Maar de West-Indische Compagnie pakte het beter aan. Zij hielden een veiling op plantage Zuurzak of plantage Groot Sint Joris. Wouters verbazing was groot toen ze bij eerstgenoemde plantage arriveerden. Het was er druk. Blanke kerels liepen luidkeels te schreeuwen terwijl een aantal negerinnen af en aan liep met water voor de paarden en sterke drank voor de mannen. Maar van negers op een schavot was geen sprake. En van een plein was er evenmin.
In de verte aan zijn linkerkant zag hij echter een kleine groep mensen die zich verzamelde. Onder hen veel Engelsen, Spanjaarden en Franse handelaren die hoopten hier voor een gering bedrag slaven in te kopen om door te voeren naar andere koloniën, waar een grotere vraag was naar negers. De meeste mannen spoedden zich in de richting van de groep en Wouter en Jan volgden hen.

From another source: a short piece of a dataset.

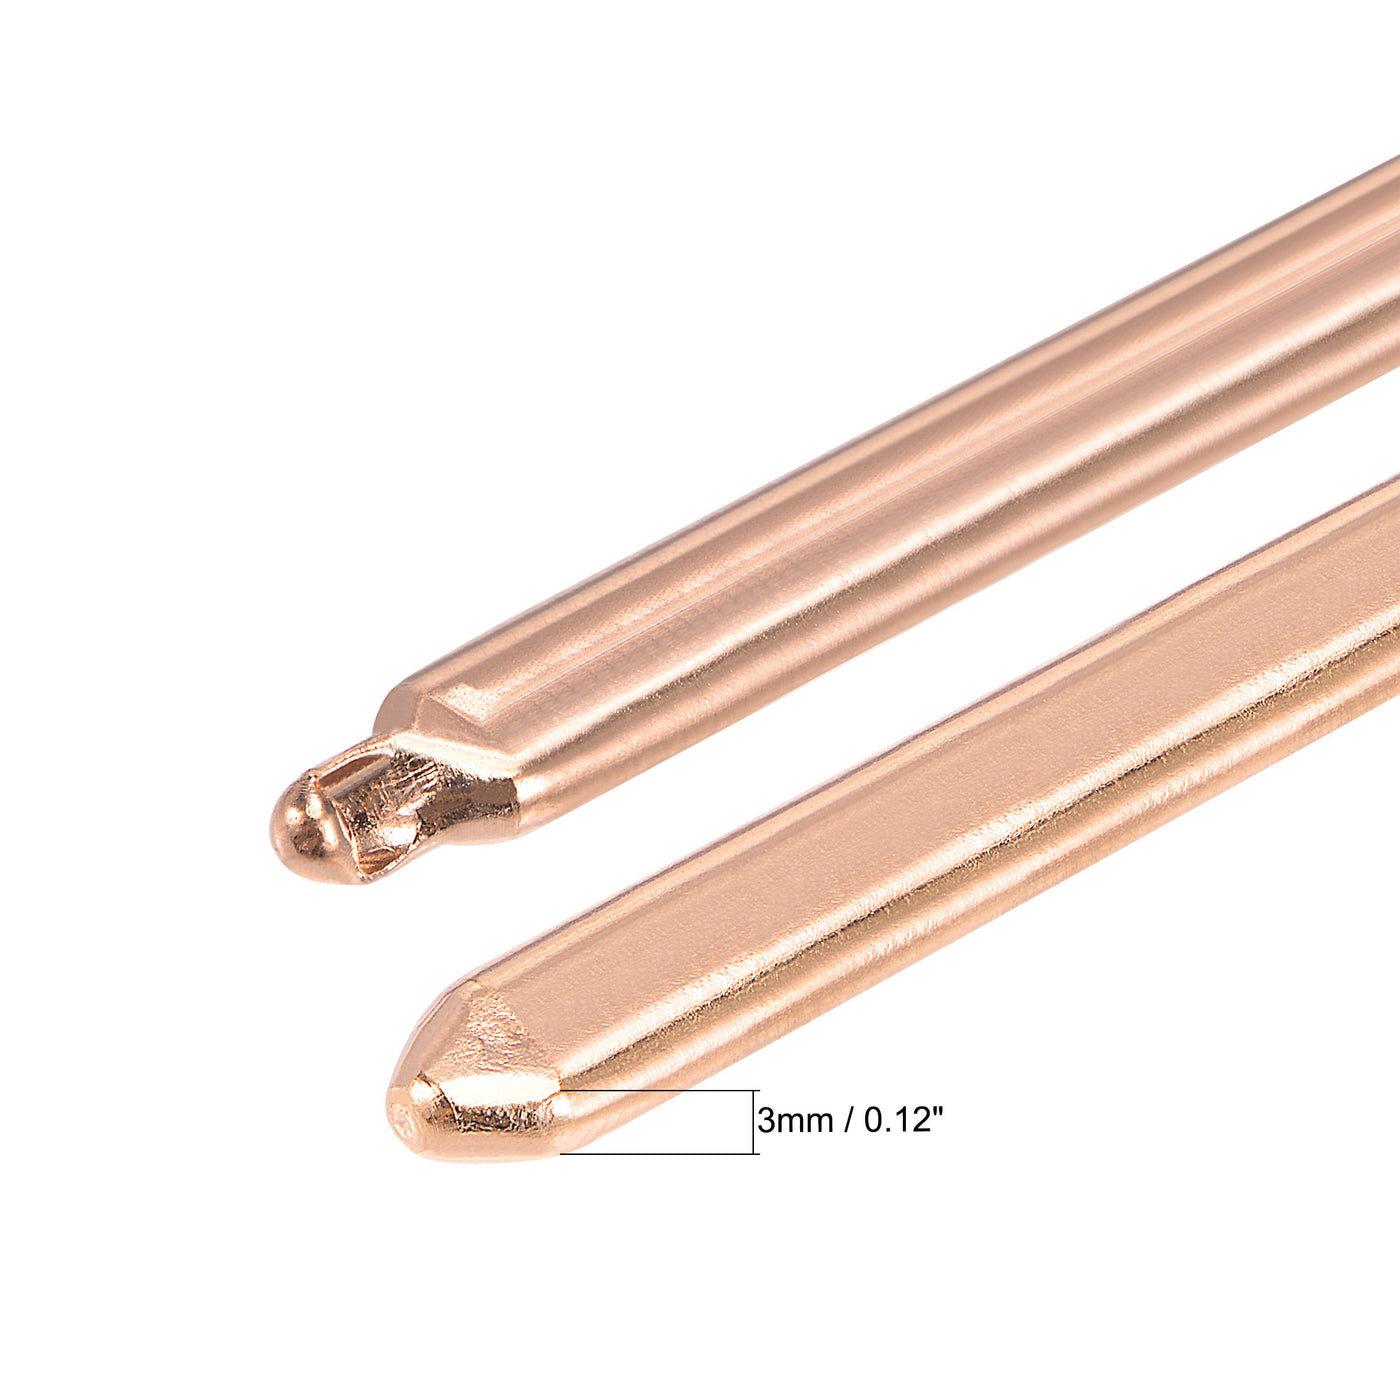 uxcell Uxcell Copper Flat Heat Pipe for Cooling Laptop CPU GPU Heatsink 120mm x 7mm x 3mm

Een smalle stroom deelde het dorre landschap in tweeën. In het midden van een kaalgemaakt stuk terrein stond een houten kist. Vlak nadat zij waren aangekomen wrong een kleine man met lang grijs haar zich tussen de mensen door. Hij klom op de kist ten overstaan van de menigte keurig geklede aanwezigen. Hij schraapte zijn keel en begon tekst van een rol papier op te lezen, het rumoer van de mensenmassa stopte en iedereen luisterde aandachtig. ,,Welkom heren”, sprak de kleine man, die veilingmeester bleek te zijn: ,,Heden worden bij opbod verkocht een aantal gezonde slaven, hierheen vervoerd door de West-Indische Compagnie.” Twee soldaten roffelden op hun trommels terwijl de negers in een keurige rij werden aangevoerd. De eerste slaaf, die geboeid aan zware kettingen de groep in werd getrokken, was een bijna pikzwarte man, niet veel ouder dan een jaar of vijfentwintig. Er ontstond wat rumoer onder de kopers. De donkere kerel keek schichtig om zich heen. Hij was duidelijk onder de indruk van al de schreeuwende blanken. Onrustig friemelde hij aan de kettingen rond zijn polsen. Hij zag er beter uit dan de slaven die Wouter van het schip af had zien komen. Wellicht hielp het oplappen op de plantage inderdaad. De veilingmeester begon met een bedrag van honderdvijftig Spaanse peso. De Hollanders hadden het eiland dan wel in hun macht, de gangbare munt in de regio was de peso. Al snel klonken er kreten uit het publiek. Honderdvijfenzeventig riep een lange blonde man. Tweehonderd bood een klein dik opdondertje, dat eruit zag als een voornaam heer met zijn deftige uitdossing en hoge hoed. Tweehonderd werd uiteindelijk tweehonderdvijftig toen de voorname dikkerd er na een wedstrijdje bieden met zijn geboeide aanwinst vandoor ging.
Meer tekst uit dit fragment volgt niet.